Engage civil society to combat Ukraine’s corruption, says IMF

     

Ukraine’s resistance to allow civil society experts to play a role in establishing the anti-corruption bureau remains “a major source of contention,” the International Monetary Fund said in a staff discussion note published Wednesday. The note, titled “Corruption: Costs and Mitigating Strategies,” reported that the IMF had recently suspended lending in Ukraine for “governance and corruption issues,” The Moscow Times reports:

“I am concerned about Ukraine’s slow progress in improving governance and fighting corruption, and reducing the influence of vested interests in policymaking,” the IMF Managing Director on Ukraine said in a February press release. The IMF team arrived in Kiev on Tuesday following the formation of a new Ukrainian government after a political crisis had stalled the release of financial aid.

If one were to merely follow national politics in Ukraine, it would be easy to become discouraged about the state of reforms, notes Katie LaRoque, the International Republican Institute’s Ukraine Program Officer. Headlines from top media suggest that Ukraine’s longstanding oligarchic power structures and institutionalized corruption have persisted in the wake of the Revolution of Dignity, frustrating citizens and the international community. Indeed, the many criticisms of President Petro Poroshenko and parliament are not unfounded, she writes for The Atlantic Council:

A recent national survey conducted by IRI [a core institute of the National Endowment for Democracy] found record-level public dissatisfaction regarding the country’s overall direction—a level of frustration that rivals the pre-Maidan period. Seventy-six percent of Ukrainians told pollsters the country was headed in the wrong direction in February 2016. Similarly, as previously reported, IRI’s March 2016 nationwide municipal survey, which contains the perceptions of more than 19,000 Ukrainians from twenty-four major cities, revealed that more than 90 percent of Ukrainians believe corruption is a significant or serious problem in their community, and frustration with Poroshenko and the parliament stands at troubling levels.

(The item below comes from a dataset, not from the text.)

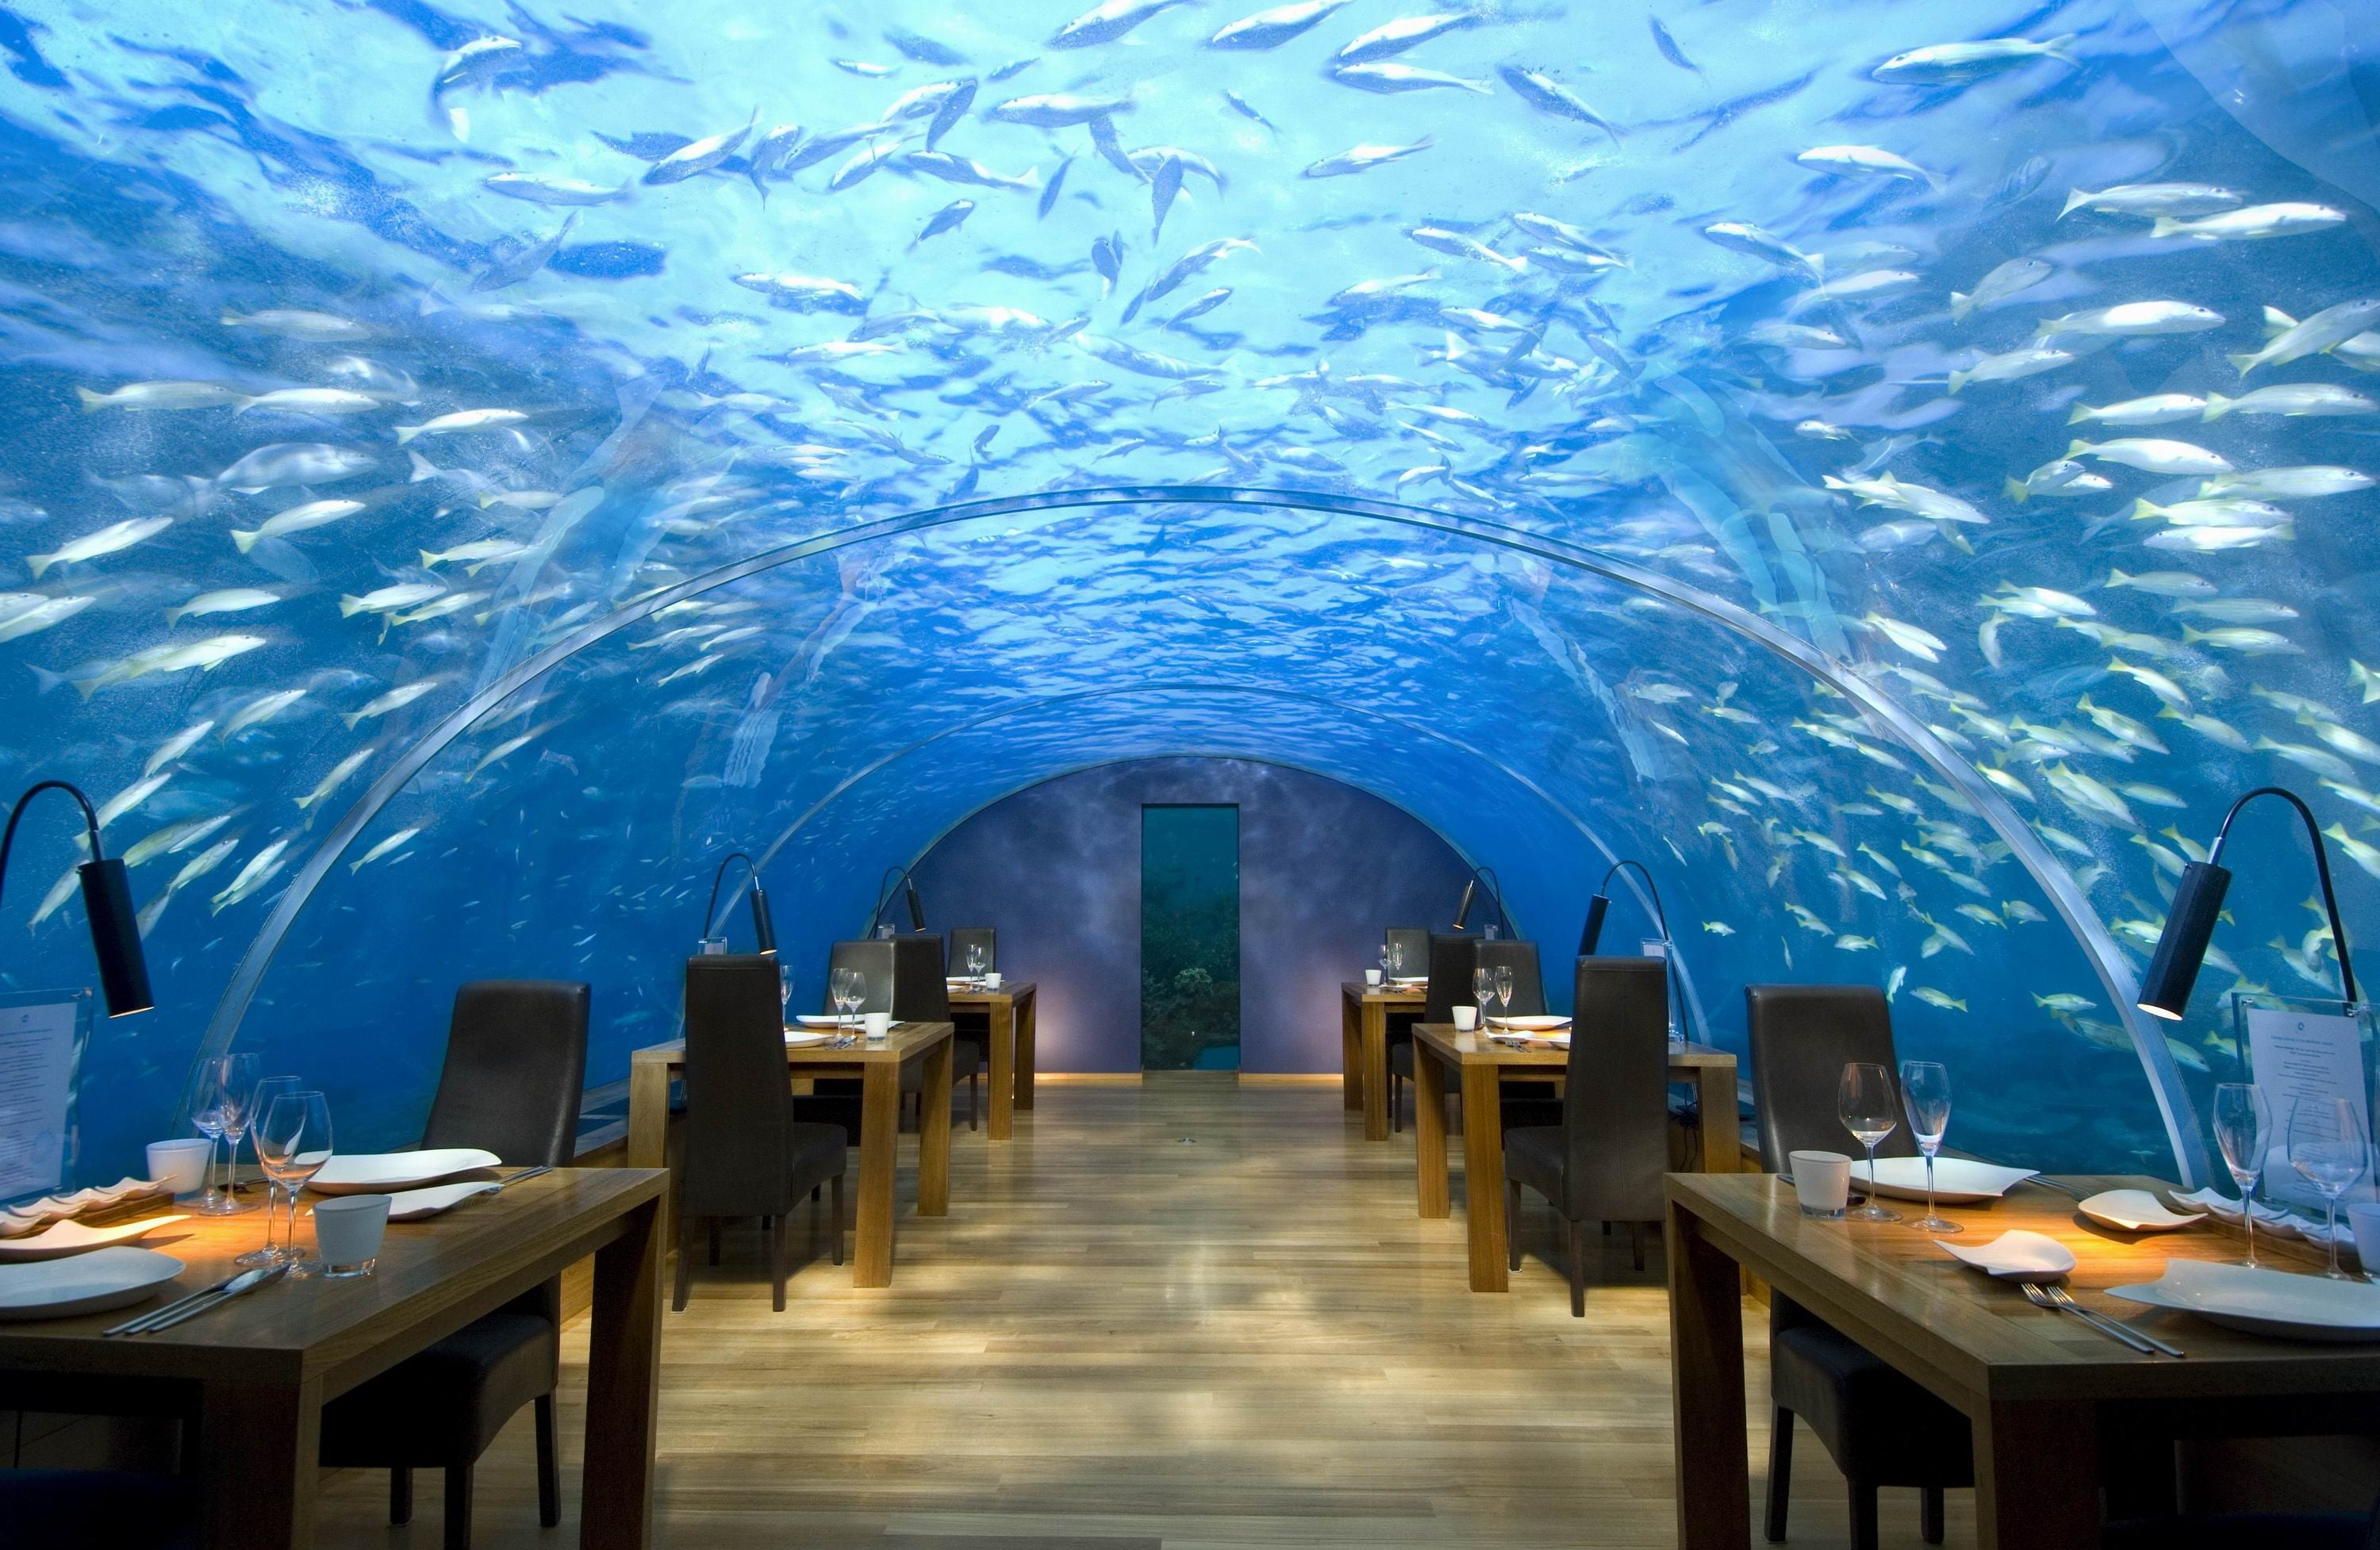 empty underwater restaurant during daytime

But that’s not the full story. If one looks beyond the negative headlines, real change is happening in Ukraine, LaRoque adds:

It is less evident on the national level (although the government’s recent gas reforms are a major step forward), but one needn’t look too far beyond Kyiv to see signs of progress. IRI’s longstanding presence in Ukraine’s regions has revealed positive signs of local governments and civic actors working together to achieve and implement real change in their communities—and these efforts have been noticed by the Ukrainian people. IRI’s polling shows that support for local governments is on the rise, as is the level of trust and approval of local mayors across the country.